Left For Dead, 60/40 Attempts Comeback

So far, 2023 has been kind to beleaguered 60/40 portfolios.

As discussed here at some length earlier this week, the restoration of a negative stock-bond correlation and the decline in US yields from the highs seen in February are a boon to balanced portfolios coming off the worst year on record for the simplest of simple diversification strategies. Bonds are struggling in May, but that’s ok because big US tech is up nearly 5% MTD.

The biggest of big-picture debates for asset allocators is whether 60/40 is passé and if it is, what replaces it.
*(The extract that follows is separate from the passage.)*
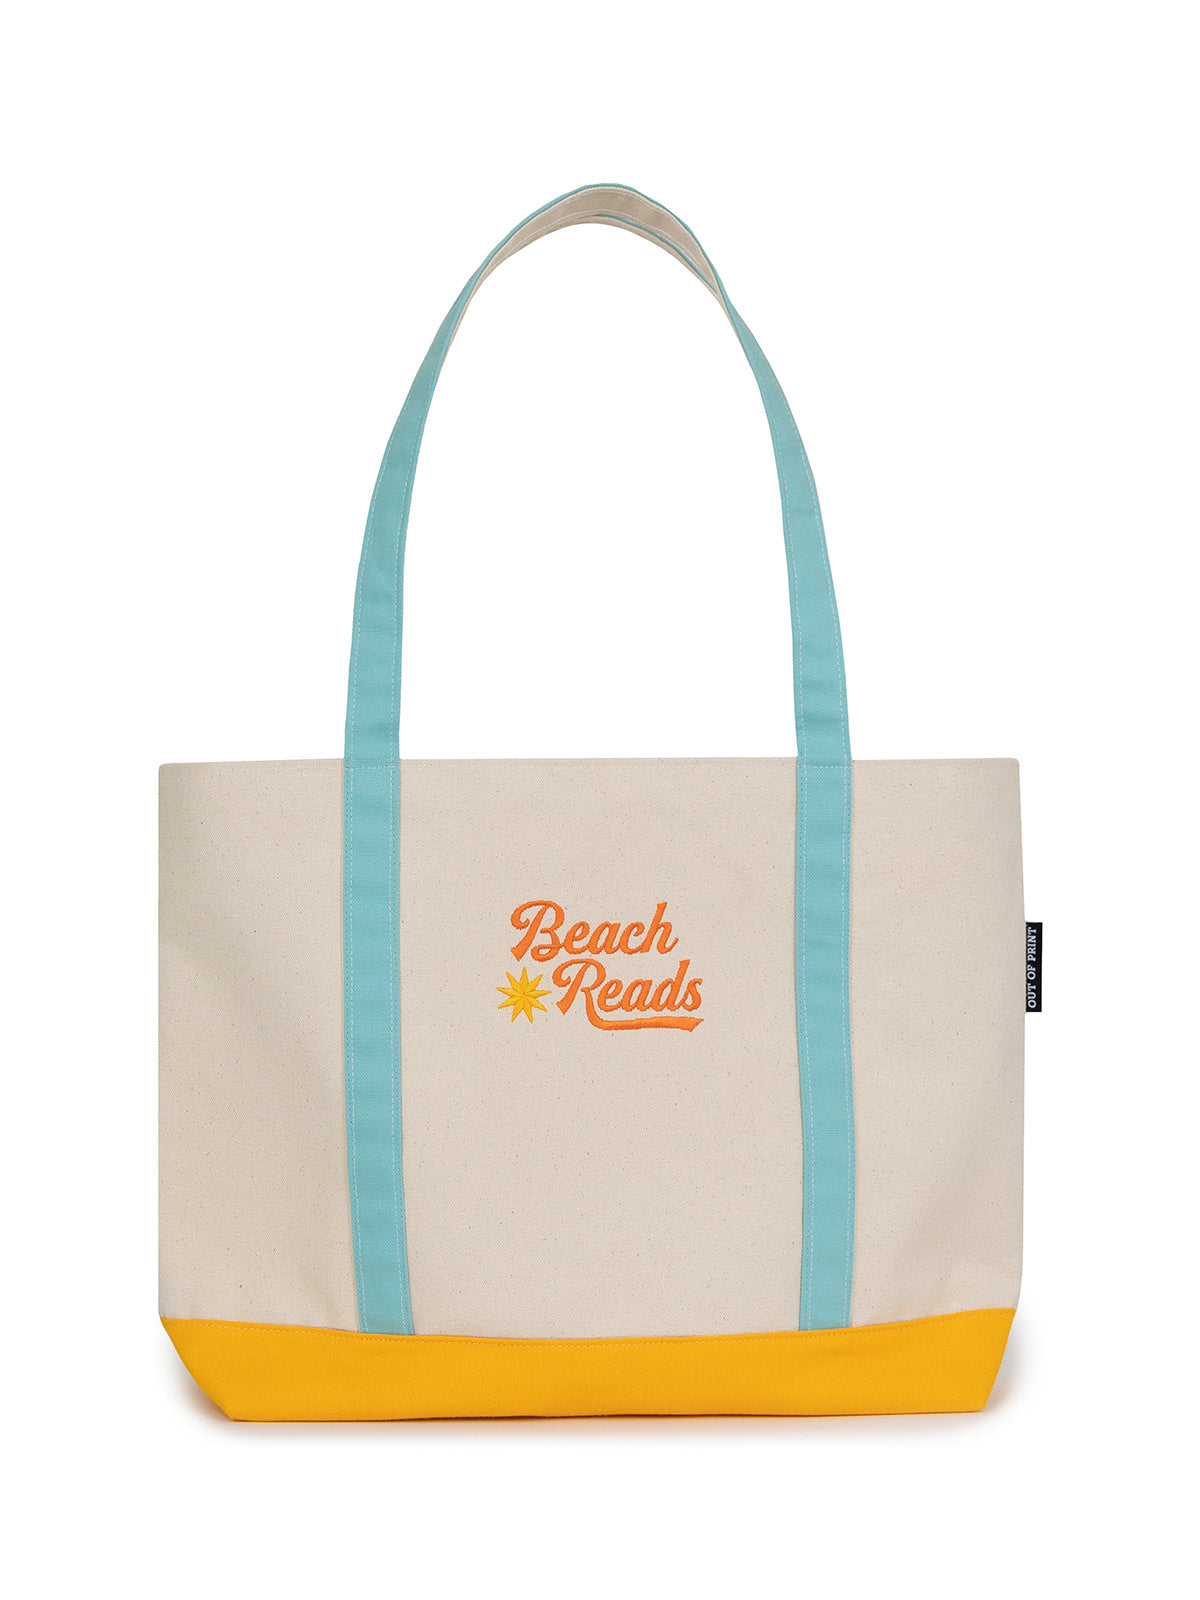 Book Cover Tote Bags

As I’ve endeavored to make abundantly clear in these pages, the correlation assumptions we came to take for granted in the 21st century aren’t the norm historically. You’re not supposed to “have your cake and eat it too,” so it’s entirely possible that investors will need to take the “multi-” in “multi-asset” a little more seriously going forward.

So far in 2023, 60/40 has rebounded emphatically. Indeed, this year is on pace to neutralize 2022’s drawdown.

“60/40 had a disastrous 2022, but a delightful 28% annualized return in 2023 is the best since 1995,” BofA’s Michael Hartnett remarked.

“With ‘fattening left-tail’ accident risk, markets have to price a surprisingly high probability of a ‘crash-landing mega-Fed cut’ in case it all goes wrong,” Nomura’s Charlie McElligott said. “This is the primary catalyst for why the bond / stock correlation has reversed from last year’s ‘inflation overshoot = shock Fed tightening’ regime where all assets were losers and instead, why ‘bonds as your hedge’ has returned to the fore,” he added.

And yet, with cash “performing” in light of the highest money market yields in 15 years and commodities still offering a “real” hedge (figuratively and literally), it’s perhaps no surprise that the 25/25/25/25 portfolio is holding up too.

That looks pretty good when you consider the “sleep well at night” appeal of a 25% cash allocation and a better Sharpe.

As BofA’s Hartnett put it, “bulls are outperforming bears in 2023 but a diversified, conservative portfolio is doing just fine.”